We find that the accuracy percentage values are optimal at the values we previously found.

# Conclusion
Throughout this project we were able to implement Multi-Linear regression with LASSO regularization, Multi-Linear regression with Ridge regularization, and Non-Linear regression with kNN optimization on hyperparameters.

However, this project was far from a success as each attempt to optimize our data lead to worse regression scores, often going from slightly negative to even more negative.

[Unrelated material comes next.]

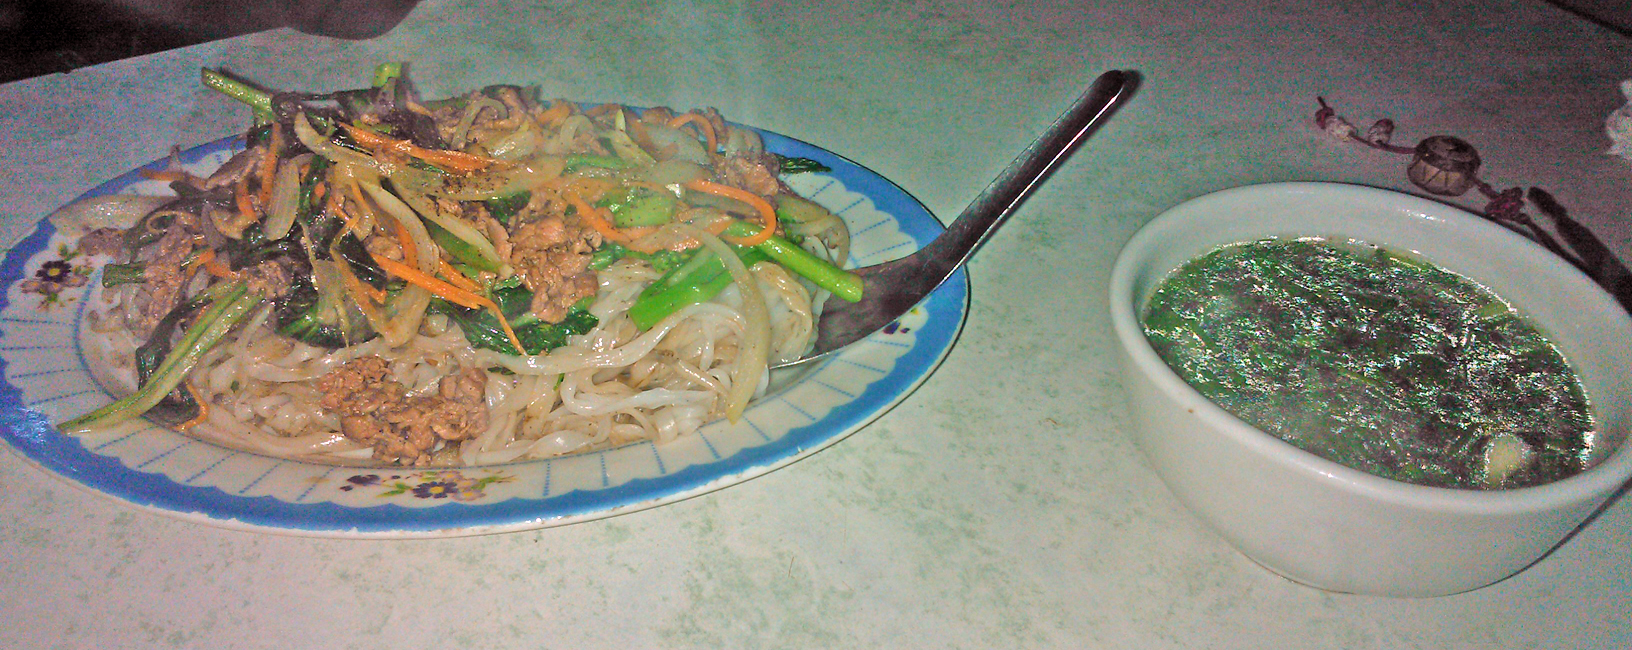 Ha Noi - Noodles with beef and vegetables, also very delicious.

This can likely be attributed to the inefficient target column, only 3.1% of our target columns had non-zero values, and because of this and the often initially negative regression scores, we can tell that the model did not like the data that we presented it with, more than likely causing our issues in trying to optimize regression.

If I was to attempt these findings again, I would assign each team with values based upon which round they advanced to, and would have given them integer values based on what round they made it to, as opposed to only receiving a value for winning the Superbowl.